From hidden layer to output
In order to get from our hidden layer to our output layer, we do the same exact step as before. Except instead of going from input data to hidden layer, we now treat our hidden layer as the input.
This diagram represents 3 linear combination equations. We will take each hidden node’s value, multiplied by its weight, and add them all up.
Because our final outputs range from 0 to 1, we will once again pass the results of the linear combinations through the activation function.
Okay I get the structure of the neural network but how do we determine the weights?
Finding the weights of our neural network is called training our model. This is the computationally expensive step that involves lots of data and an algorithm called backpropagation.
Let’s zoom in a little on the weights:
We have established that a neural network is a series of linear combination equations that get passed into activations functions, which in turn get passed as inputs into more linear combination equations, which are then passed into another activation function.
Remember that one record in our data contains 1,000 pixels (our inputs) and the indicators for cat, dog, and snake.
Let’s imagine we need to find out the best weight by brute force — or in other words, lots of trial and error.
We could go to our first record and choose random weights for all of our inputs and hidden nodes.
We run all the various linear combinations: in our case 4 equations (with 1,000 inputs each) for each hidden node, then 3 equations (with 3 inputs each) for each final output.

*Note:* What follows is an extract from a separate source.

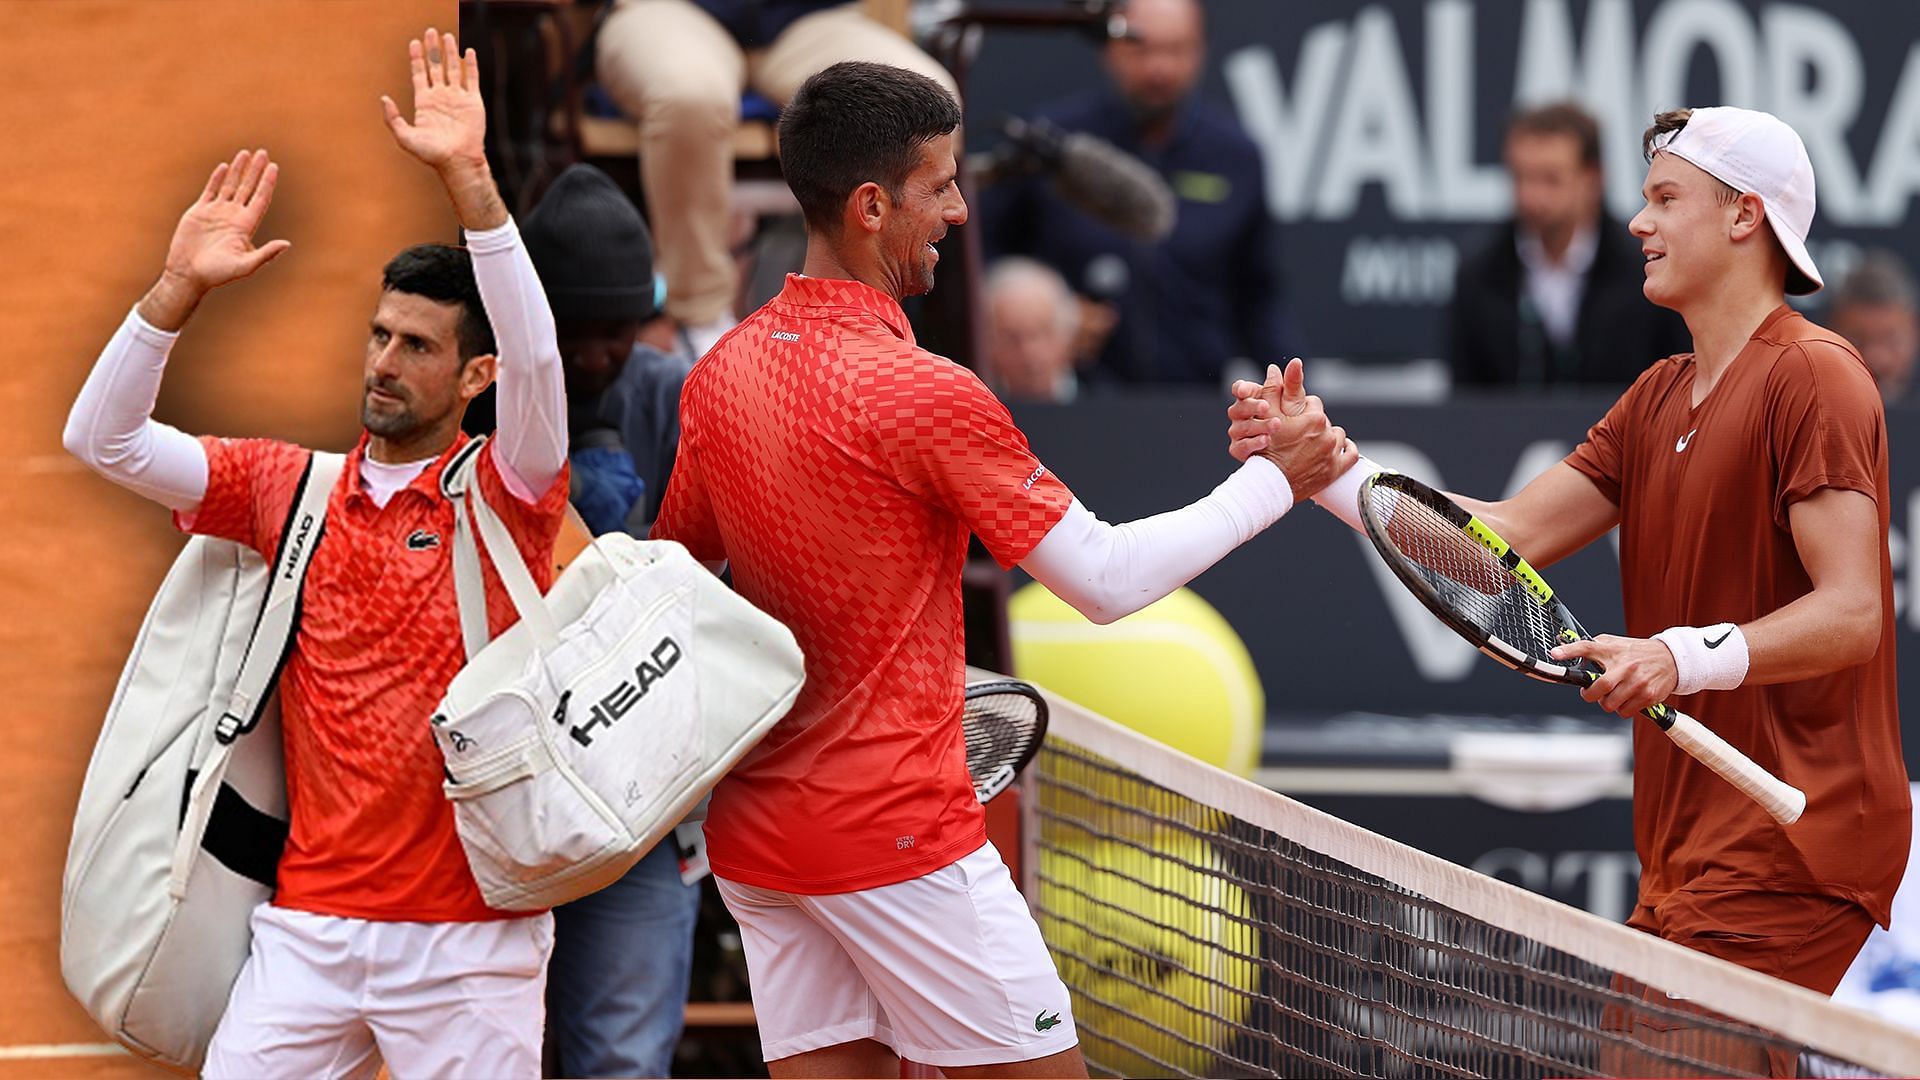 Novak Djokovic appears graceful in defeat

We check to see how we did — we compare the true output in our data to what outputs we got using our random weights. So if our Is Cat? variable is supposed to be 1, but our results were .42, we would be off by .58.
If we had a super powerful computer, we could hypothetically keep choosing random weights for each record and hidden node until our final outputs looked as close as possible to the true outputs. We could then average these weights across all our records to find the best fit.

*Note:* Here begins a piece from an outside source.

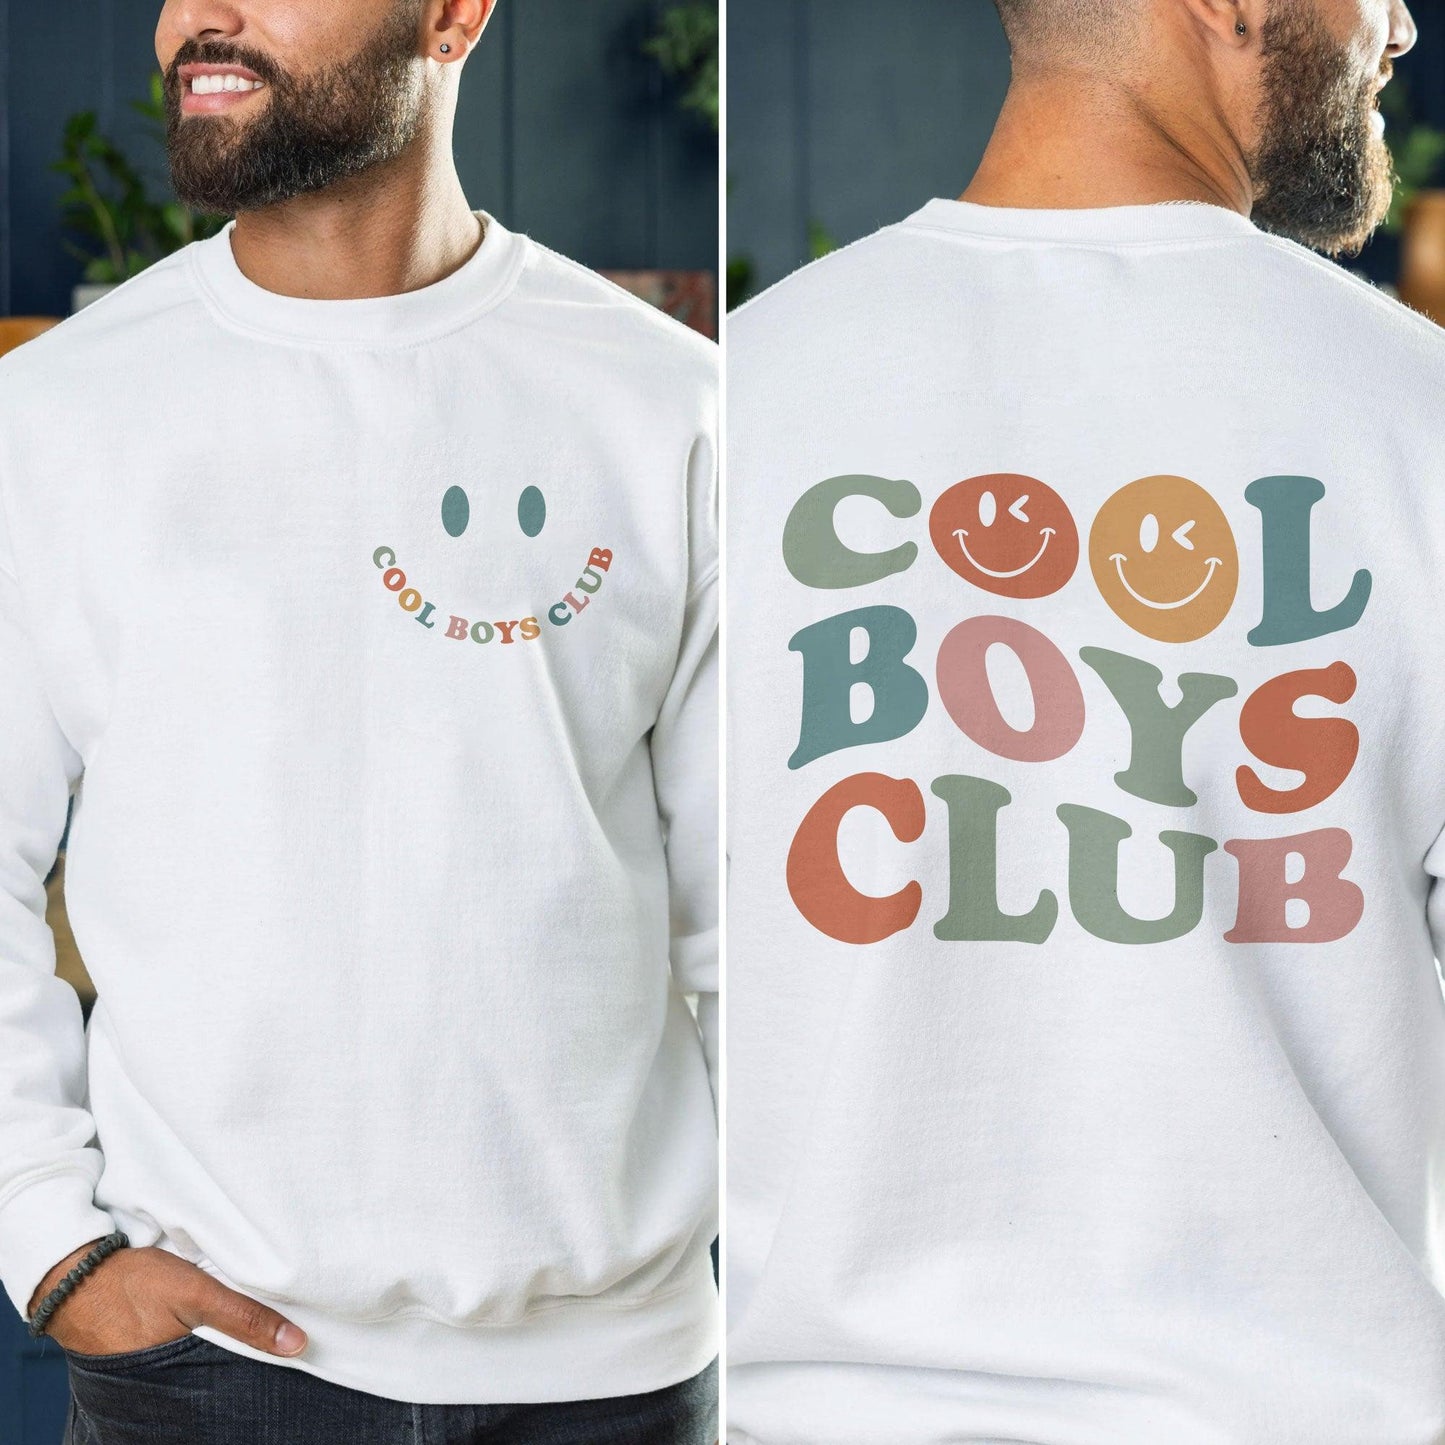 Cooles Boys Club Sweatshirt und Hemden - GiftHaus

This process of finding the right weights is an optimization problem — we want to find out what set of weights result in the best fit between our predicted output values and the actual output values.
In reality, the brute force technique is too inefficient, so we use a technique called backpropagation. Backpropagation is not guaranteed to find the perfect fit for our data, but it balances the tradeoff of computational efficiency and best-fit.

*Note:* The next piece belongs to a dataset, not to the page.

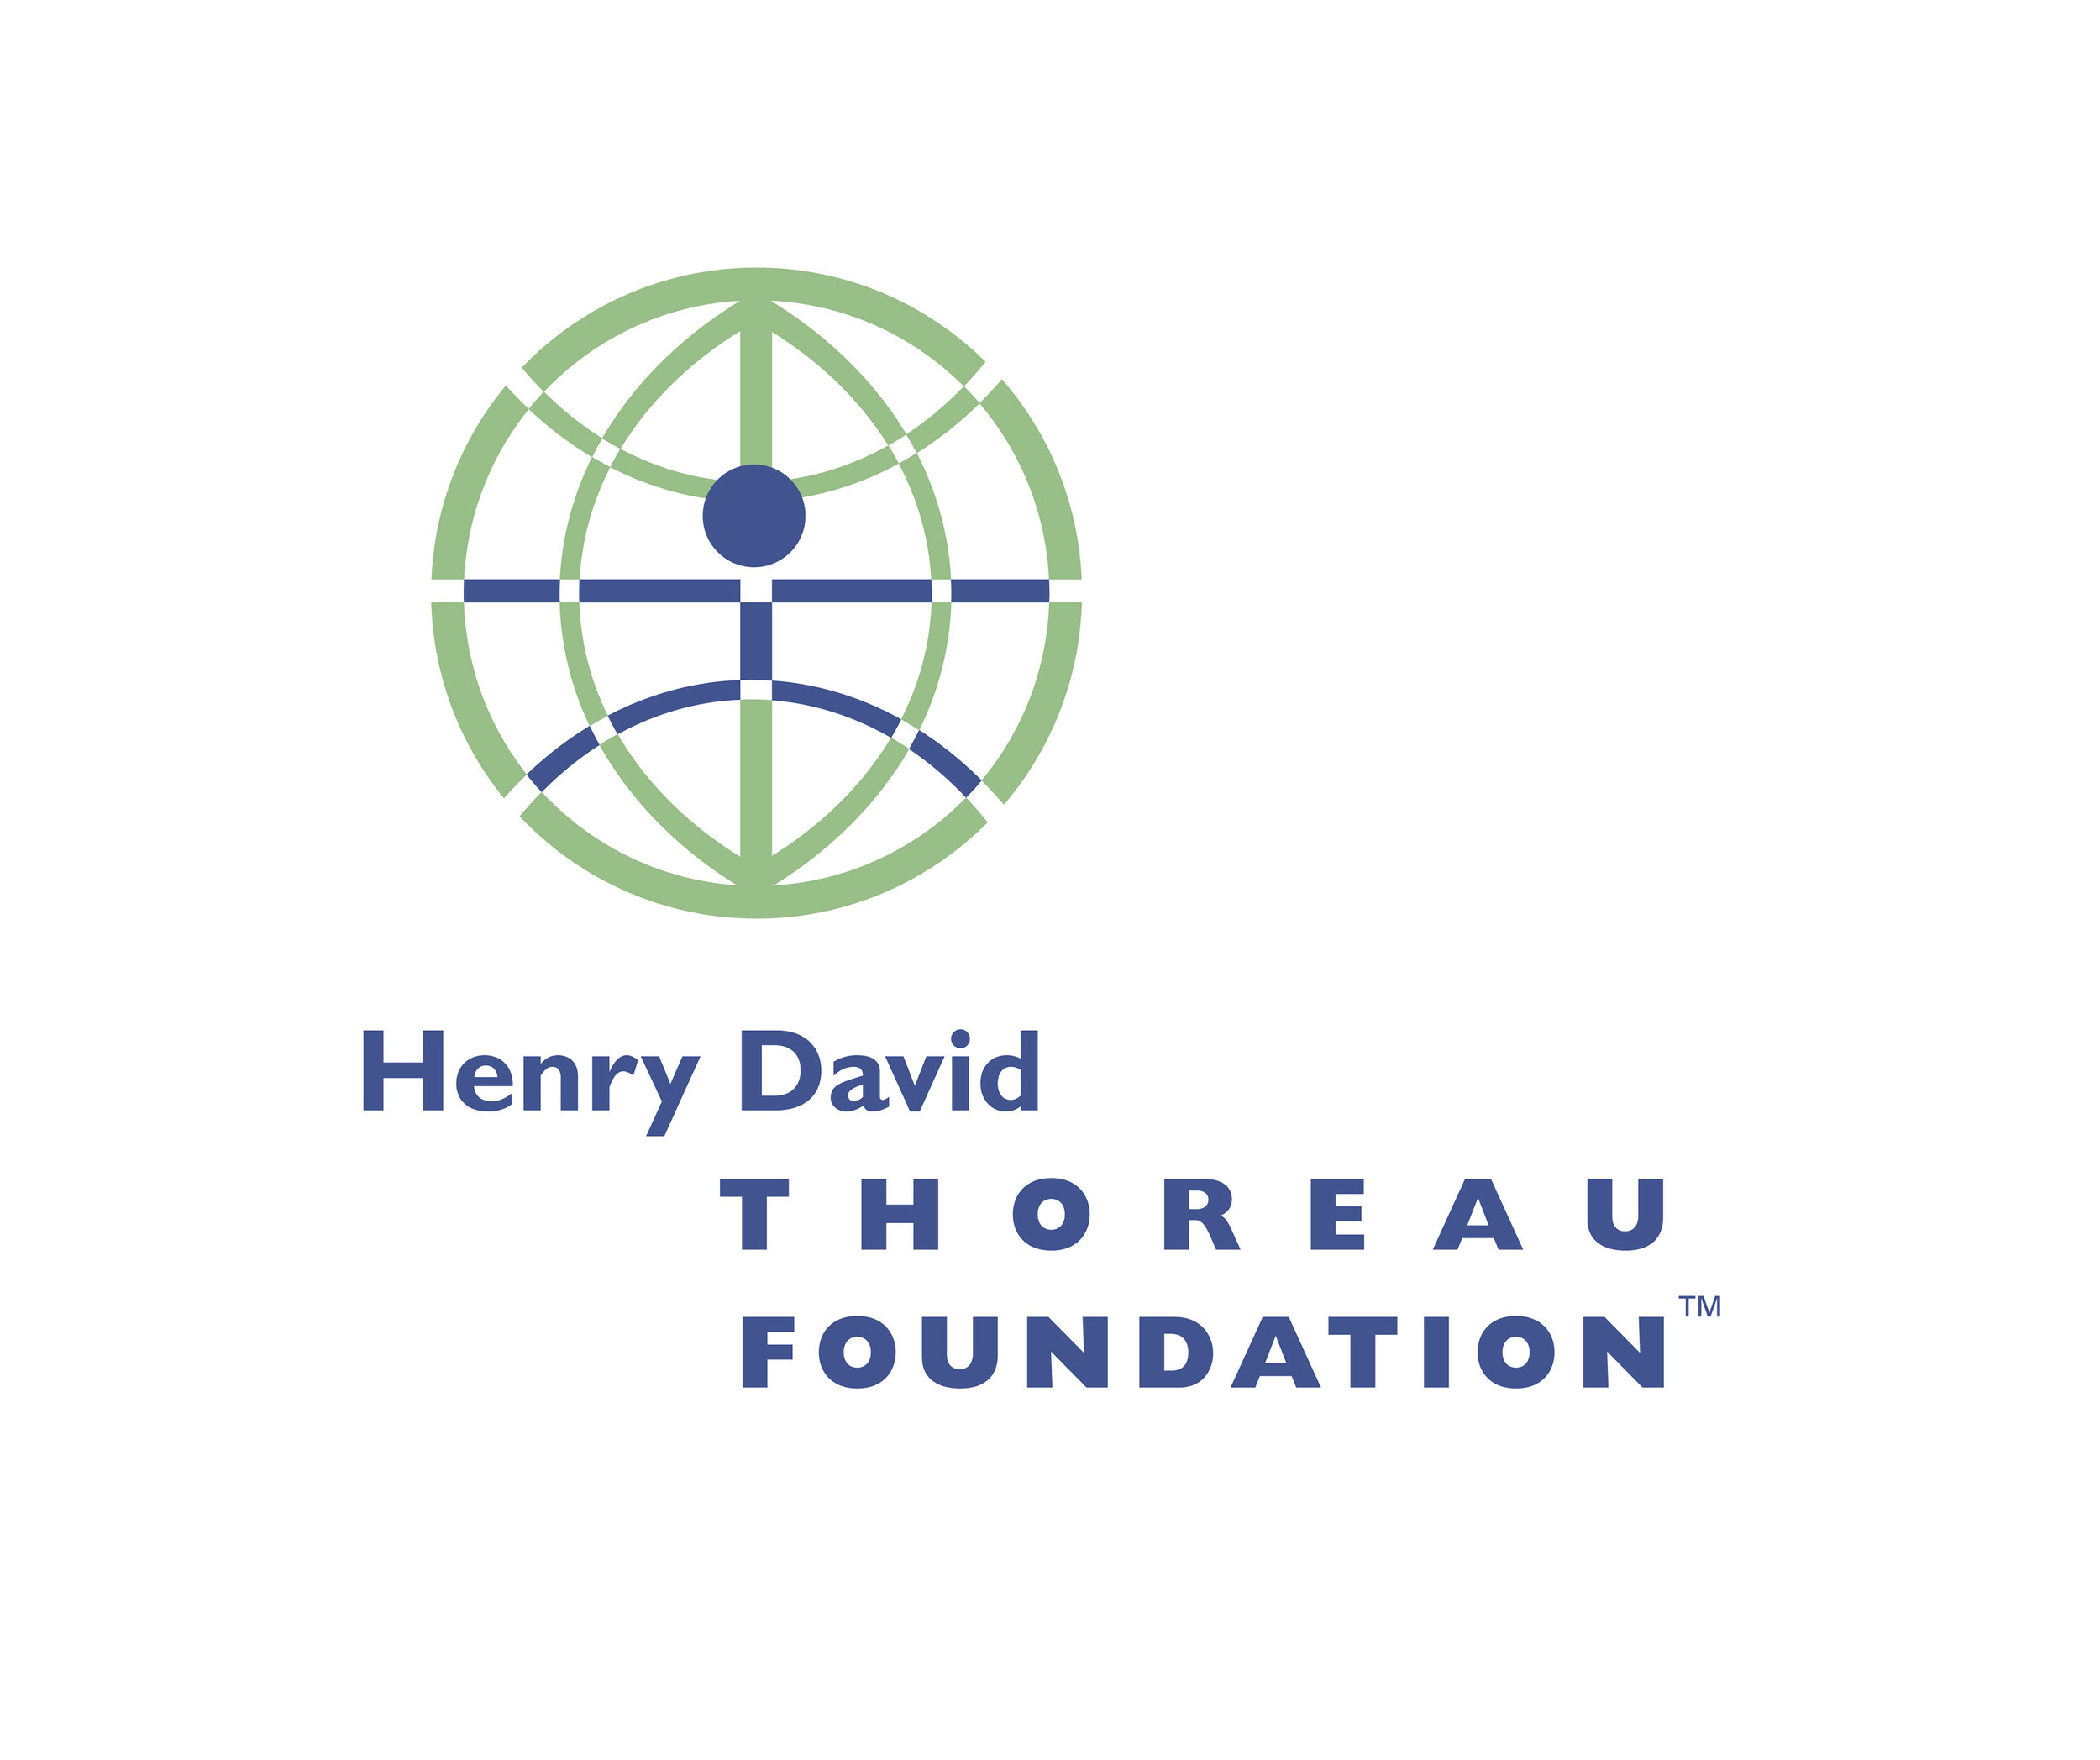 Henry David Thoreau Foundation

There you have it — a neural network is a set of linear combinations passed through activation functions that are then passed into another set of linear combinations that are then passed through more activation functions. And finding the weights can be achieved through backpropagation - an algorithm that efficiently finds weights that give us the best fit between our predictions and the truth.
So what did I leave out?
In short, a lot. But I hope this provides a nice primer for understanding how neural networks work behind the hood.
In the real world, there are many different types of neural networks with more complex architectures.
Zooming out, it’s important to keep in mind that models are only a piece of the puzzle. When it comes to applying machine learning to real world problems, the problem statement and input data are foundational.
Thanks for reading and leave me a comment if I got something wrong, and I’ll make corrections!
In reality, every pixel probably won’t be an input. We might break down our image into subsections of pixels and take the average of each subsection for our inputs.
Not truly a probability but we can think of it like one.